Penguin runs for mayor and Catwoman seeks revenge in a Gotham City watched over by Batman.

Directed by Tim Burton
Starring Michelle Pfeiffer, Michael Keaton, and Danny Devito
Review by Jon Kissel

Picture
​Tim Burton’s been a caricature of his former self for more than a decade now, but for the first chunk of his career, he was a major pop auteur.  Burton’s instantly recognizable style and aesthetic is established from the beginning, whether he’s making original ideas like Beetlejuice and Edward Scissorhands or adapting big franchises like Batman.  His first five films, ending with Batman Returns, have all the Gothic architecture, domestic satire, and Danny Elfman musical scores that would make him successful and recognizable.  Of those five, Batman Returns is the most off-putting, including the one about a crass demon.  Burton seems to be signing his own resignation letter and daring the studio to kick him off the franchise, and after seeing audiences both flock to and be recoiled as a drooling Penguin bites the nose off a flunky, Warner Bros. obliged.  Batman Returns leans hard into the silliness of superheroes by making so many big choices that, whether they work or not, are at least the kind of independent creative thinking that make the film into a fascinating mess.

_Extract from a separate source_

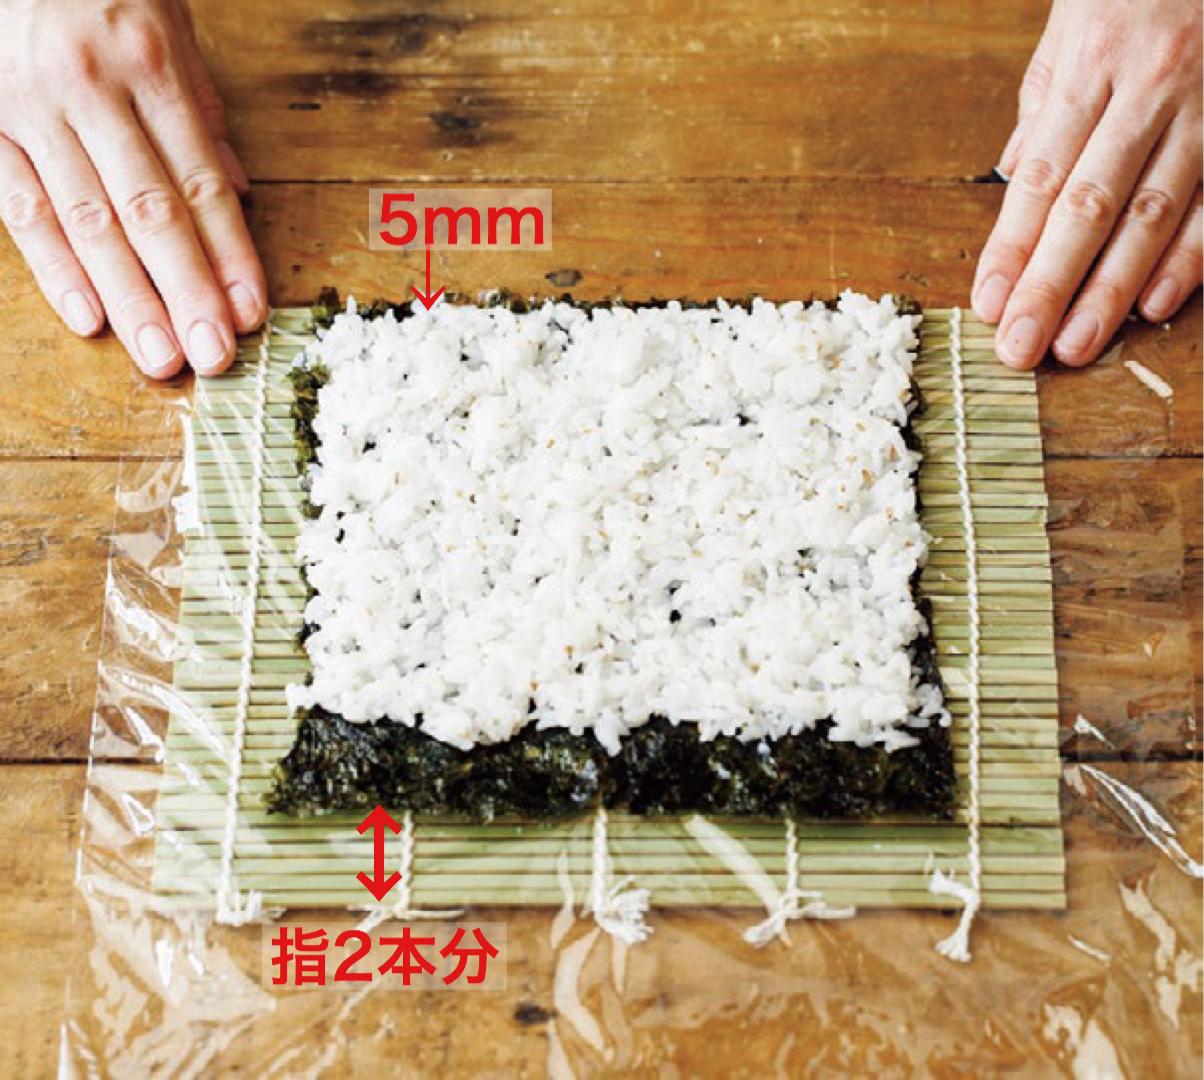 海苔 巻き 作り方
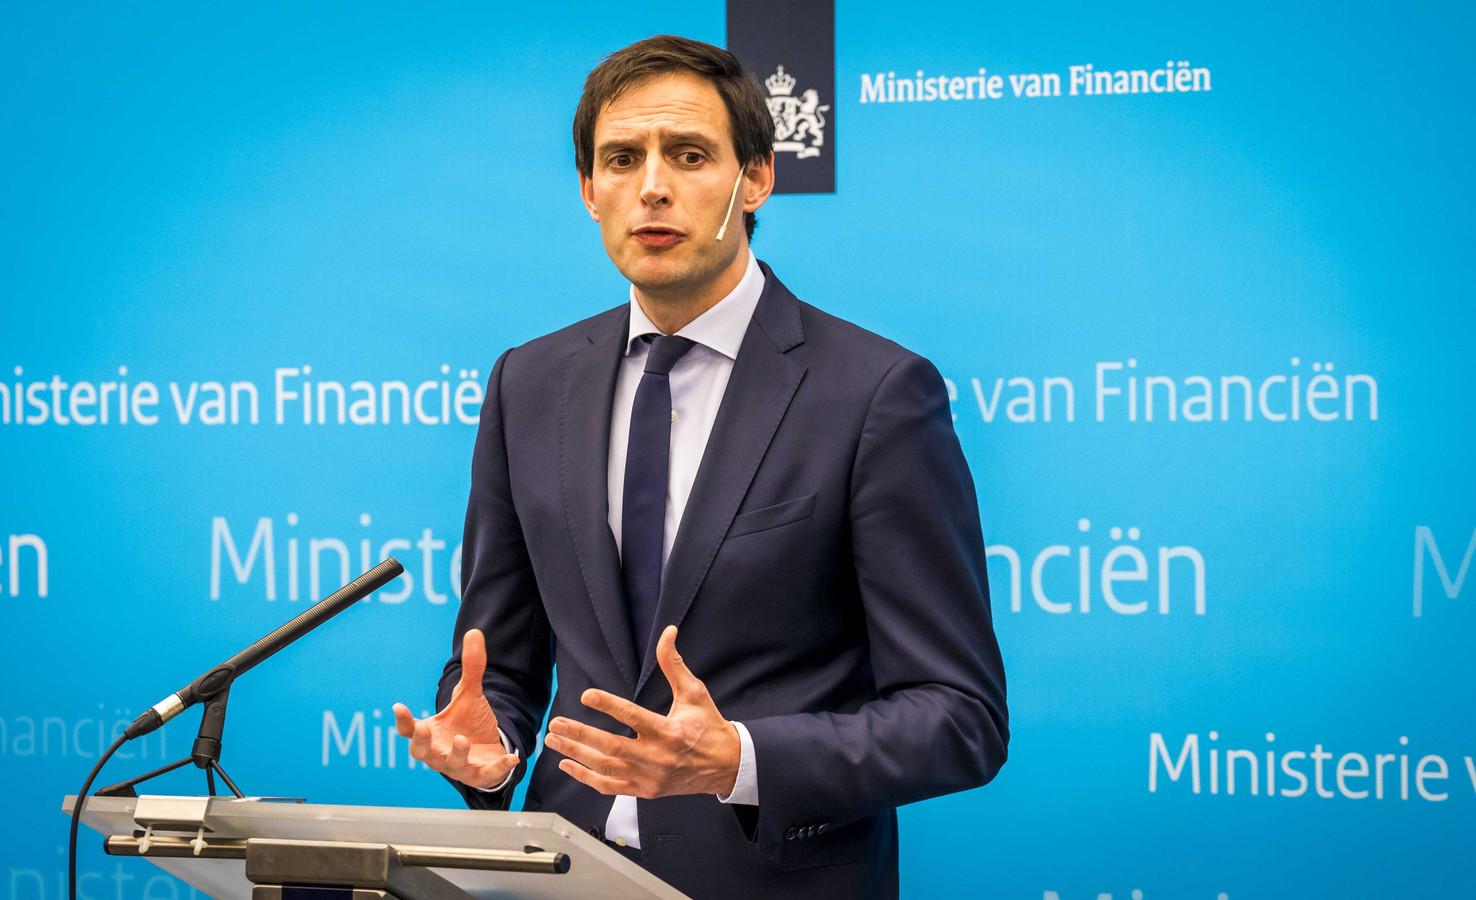 Minister Wopke Hoekstra van Financiën bij de persconferentie waar hij vorig jaar februari bekend maakte dat de Nederlandse staat een belang heeft genomen in de holding Air France/KLM.

After the colossal success of Batman reintroduced the character to global audiences, Batman Returns knocks him down the call sheet to three or four.  Bruce Wayne (Michael Keaton) and his cowled alter ego get a single action scene in the first act, placing him on the back burner while new villains and anti-heroes are introduced.  Oswald Copperpot is born in a prologue to wealthy parents, but his deformities and predilection for eating cats cause his parents to pull a Moses and set him floating down the river.  In his adulthood, Oswald (Danny Devito) takes on the moniker Penguin and uses his gang of circus performers to terrorize the surface from his sewer lair.  Meanwhile, industrialist Max Shreck (Christopher Walken) is trying to get a power plant built over the objections of Gotham City’s mayor and engineers a human interest campaign that places Penguin as a sympathetic figure who will run for election.  Shreck will do whatever it takes to push his power plant forward, whether that be placing a shockingly unfit man in public office or shoving his nosy secretary Selina Kyle (Michelle Pfeiffer) out the window when she uncovers his true power-siphoning plans.  Kyle, a clumsy and painfully single woman, is revived from a many-story fall by cats and reimagines herself as Catwoman, a slinky and seductive creature of the night out for revenge on Shreck.
​
Once everyone’s bona fides are established, the film now has room for Batman to reemerge.  However, there’s no arc or personal obstacle waiting for him.  The film only requires him to be a foil to Shreck and Penguin, and a love interest for Kyle, whom the film plainly belongs to.  Shreck is a mustache-twirling villain whose half-hearted public manipulations demonstrate a see-through contempt for the Gotham citizenry.  They love him not because he’s selling his transparently false civic love, but because the film requires them to.  Penguin has the sympathetic backstory but there’s never been a less sympathetic abandoned baby in cinematic history.  The animalistic grunts and the lecherousness and especially the black liquid that he’s constantly spitting up allow Burton to put his finger firmly on the nature side of the nature-nurture scale.  If anything, Penguin’s parents are saints for trying to keep this guy around at all.  His woundedness is an act punctuated by funny jokes (I was their number one son and they treated me like a number 2) but again, the Gotham citizenry fall for it.  Such gullible people are not worth Batman’s efforts.  Let the clown gangs go nuts while Wayne refocuses his efforts on an education campaign about  basic skepticism. 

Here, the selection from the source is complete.